The industrialisation of our food supply means that our current production is extremely oil intensive. It has been calculated that, on average, it takes ten calories of fossil fuels to produce one calorie of food in our current setup.

Carberry says population growth and increased wealth in countries such as China and India mean there are new and increased demands for food. Supply issues such as land degradation and the growth of biofuels will also play a role.

Up to half the planet may face regular drought by the end of the century. “Unnatural disasters”— storms, floods, droughts, and sea- level rise— are predicted to become more frequent and intense, with adventitious impacts on food security, refugee waves, and conflict.

The stockpile of wheat has dropped to its lowest level since 1980 - sufficient to feed the world for just 12 weeks. Food prices are soaring worldwide, while crude oil prices have doubled shipping and fertiliser costs. The UN's Food and Agriculture Organisation (FAO) estimates that by 2050, grain output has to rise 50% and meat output has to double.

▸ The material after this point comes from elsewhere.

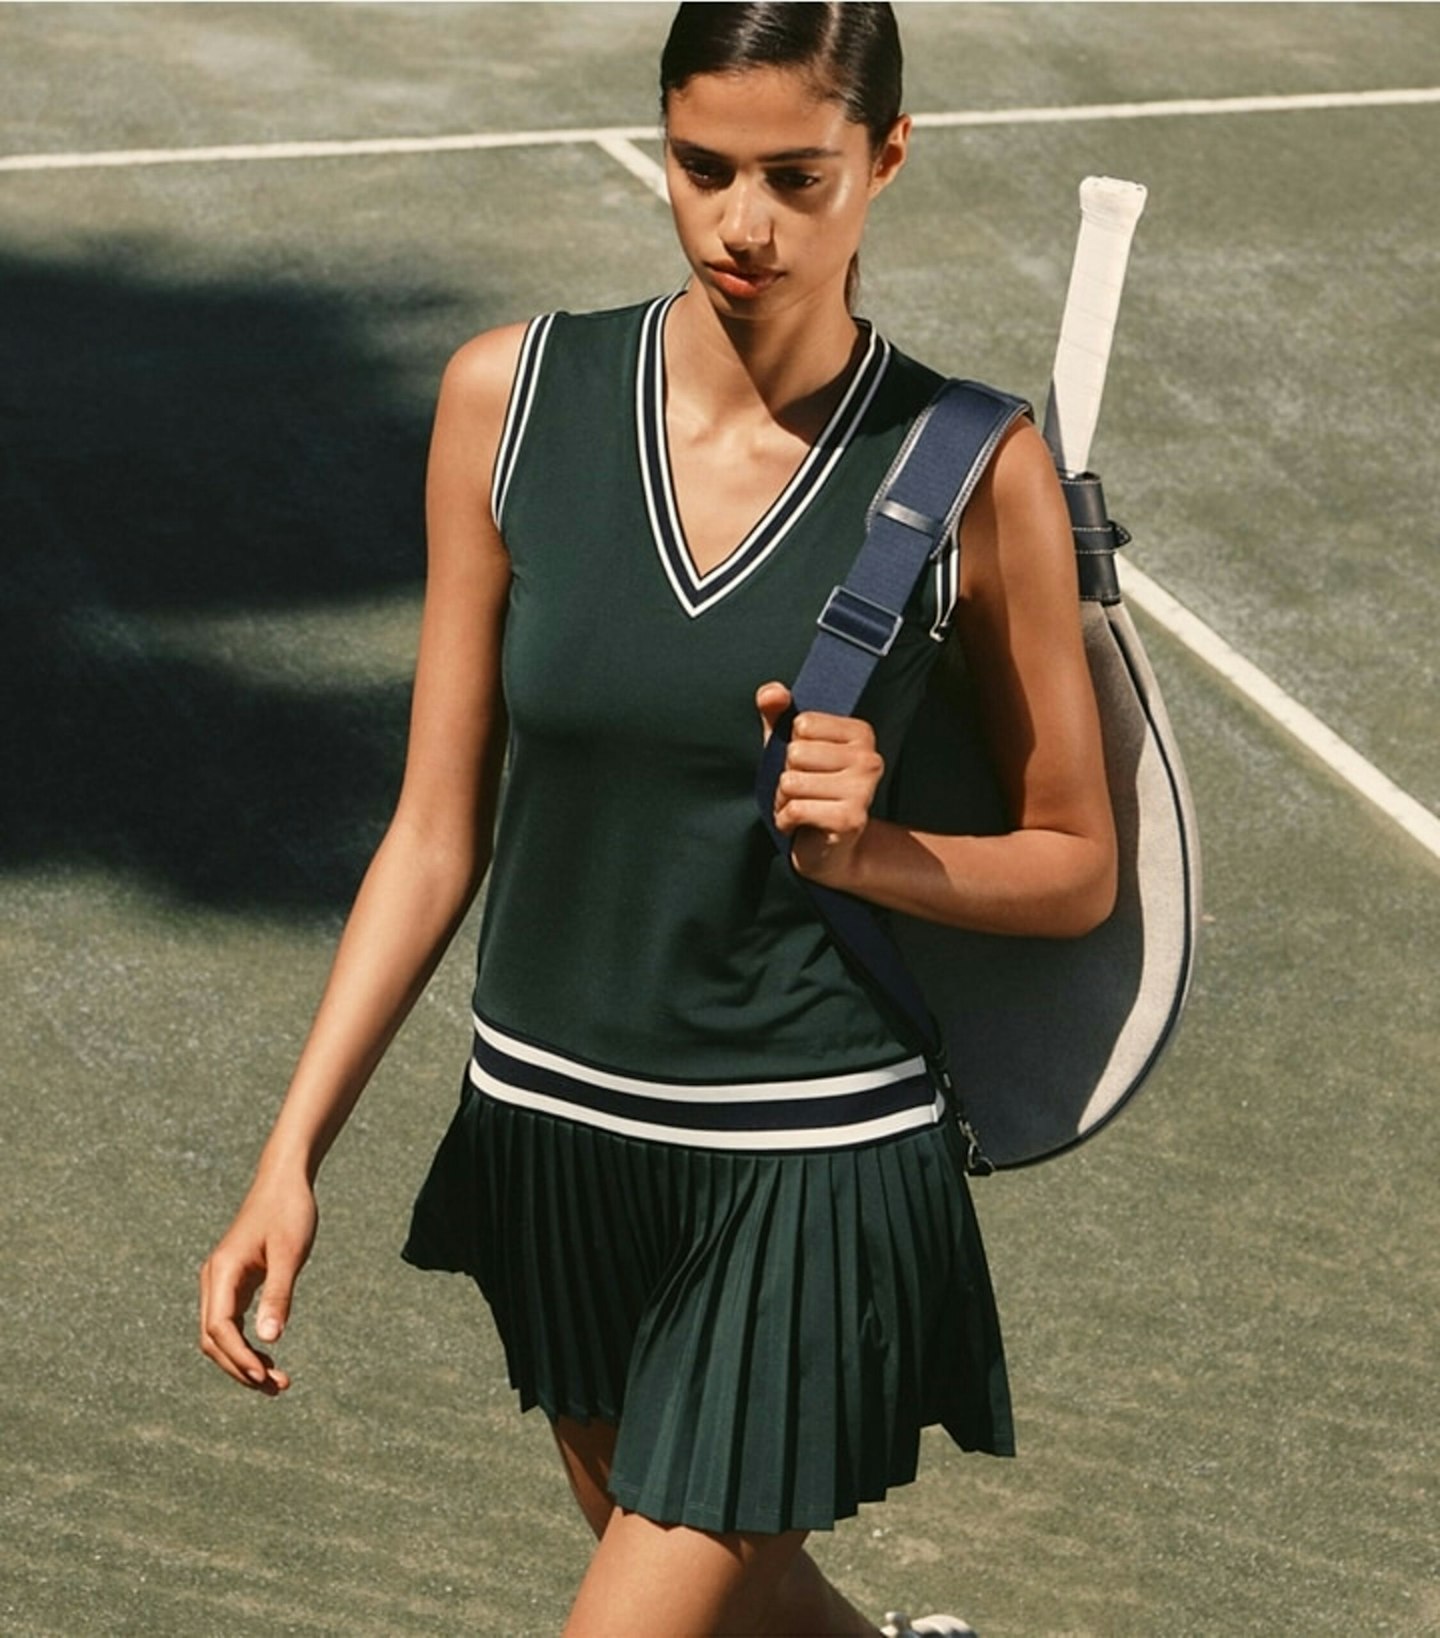 Tory Burch tennis skirt

Food Production is now the last bastion of predominantly local ownership in the food chain. But with increasing interest by foreign companies - and governments, including China's - quality farmland is also a target. In short, Australians are in danger of becoming servants, not masters, of their own food resources. Wealthy Asian countries "are seeking to acquire land as part of a long-term strategy for food security". (SMH report)

Considering that a large part of our population actually came here to escape starvation during the Irish Potato famine, engineered in part by the British owners of Irish agriculture, then perhaps this is an opportunity to revisit the entire issue of foreign ownership and to re-examine what we mean by independence and what sort of country we wish to be.

How are we planning for the supply of healthy and affordable food needed for an increasing population, while at the same time reducing greenhouse gas emissions and making the most of our diminishing supply of water? Allocating prime food production land to housing construction illustrates the lack of public consultation and arrogance in the politicians and developers.

The demise of the Murray Darling food bowl do wo overallocation, salination of soils, depletion of fertilizers, population blowout, and foreigners prowling the planet for land for their own food security, it is too much a vital issue to be in the hand of our incompetent politicians whose mindsets are totally immersed in short-term economic benefits rather than long term strategies to secure our future. Why are we still increasing our population?